Just adding one more note. If you'd be more comfortable with more reasonable values in the DustGrainPopulationsProbe, you can easily perform the proper normalization (although in your case it shouldn't affect the end result).

As Andrea said, the grain size distribution defines the number of dust grains of each size in the dust population per hydrogen atom. The normalization simply scales the curve so that the integral of the grain mass over the size distribution equals some given dust mass per hydrogen atom. This is a property of the dust population and is independent of the local dust density, because the hydrogen density is assumed to scale with the dust density (at least in this definition scheme).

That said, instead of calculating the integral yourself to obtain the proper scaling factor, you can let SKIRT do the heavy lifting. The DustGrainPopulationsProbe lists the dust mass per hydrogen atom for each population. Simply take the value that you get with the Zubko size distribution and use that to normalize your own size distribution in the ski file. You can adjust the "factor on size distribution" to match the targeted value, or you can directly specify the dust mass per hydrogen atom (avoiding the extra calculation). This is explained in the section "Normalizing the size distribution" in the tutorial you mentioned.

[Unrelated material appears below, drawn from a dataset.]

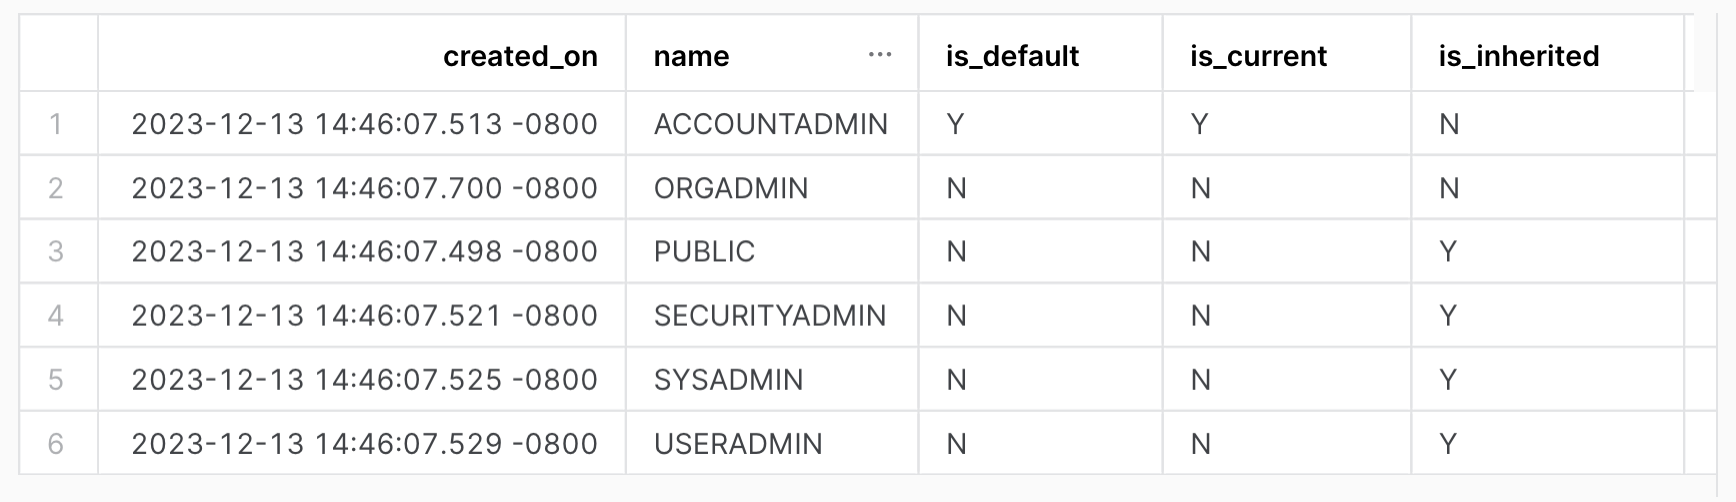 계정의 모든 역할을 표시합니다. created_on, name, is_default, is_current, is_inherited 열이 포함된 테이블 출력입니다.
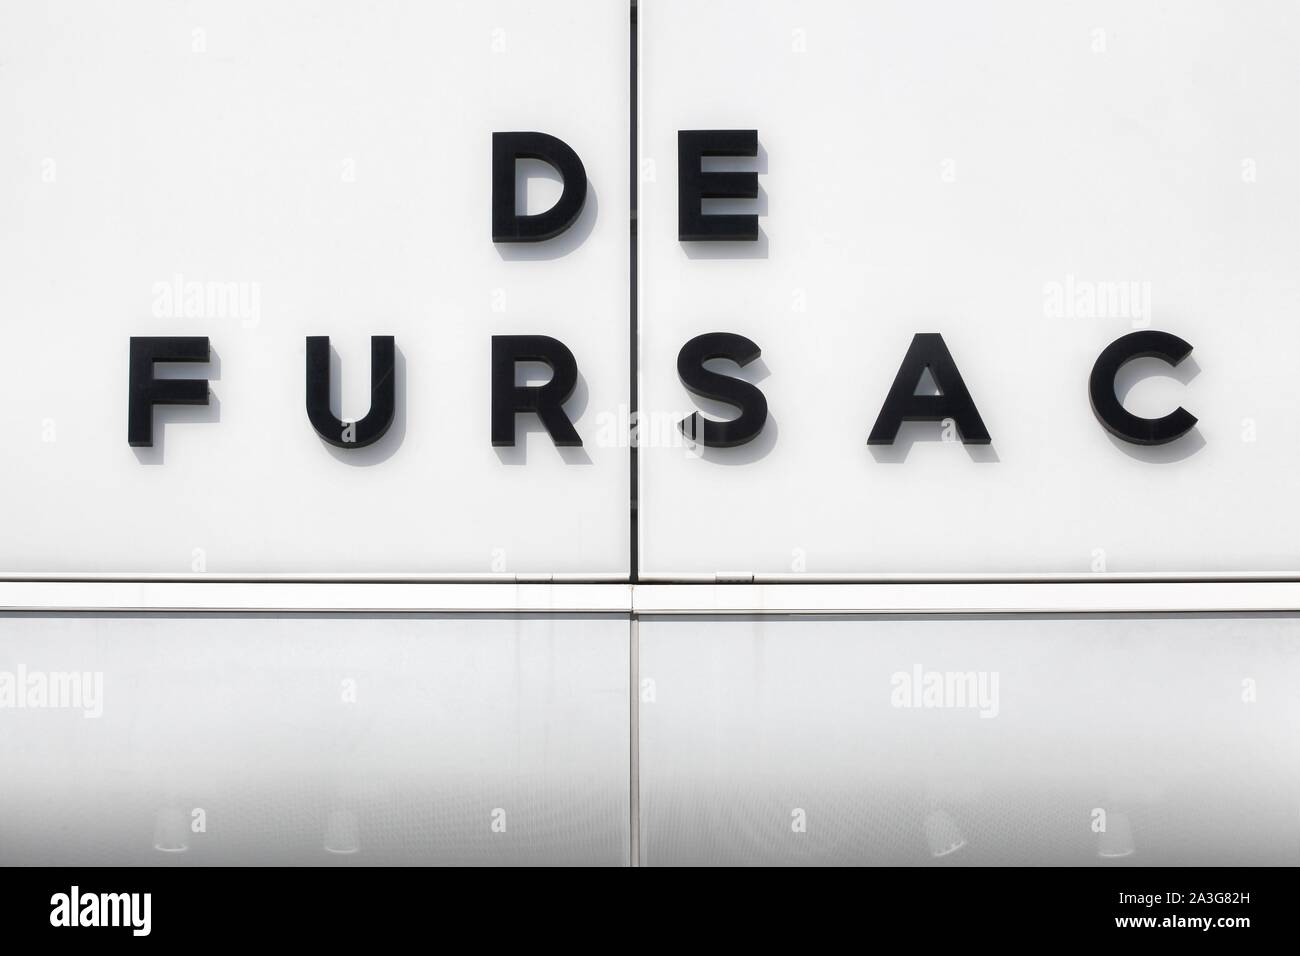 Villefontaine, France - September 13, 2019: De Fursac logo on a wall ...

currodri commented 1 month ago

Hi Andrea, Peter,

Thanks a lot for both your answers, that makes a lot of sense! I guess the DustGrainPopulationsProbe should not be used when one provides spatially varying dust densities from a hydrodynamical simulation?

I've tried doing precisely that, Peter, and indeed you can get to the same value of the dust to hydrogen mass in the DustGrainPopulationProbe (while showing exactly the same dust mass and optical depths at 0.55 micron).

I understand your point about the difference in optical depth due to a different grain size distribution and different grain material properties. I have tried setting up the optical properties to the DraineSilicateGrainComposition and DraineGraphiteGrainComposition, and setting the grain size distribution to a power law resembling the MRN like this:

<PowerLawGrainSizeDistribution minSize="0.005 micron" maxSize="0.25 micron" exponent="3.5"/>

resulting in optical depths within ~10% of the one using the fixed MRN. If I set again the size distribution to follow the log-normal distributions centred in the grain size of each bin (0.005 and 0.1 microns), while maintaining the same grain optical properties as the MRNDustMix, the optical depths go back to the lower values from the original test. I guess this implies that the main difference is from assuming a power-law distribution compared to the log-normal distribution.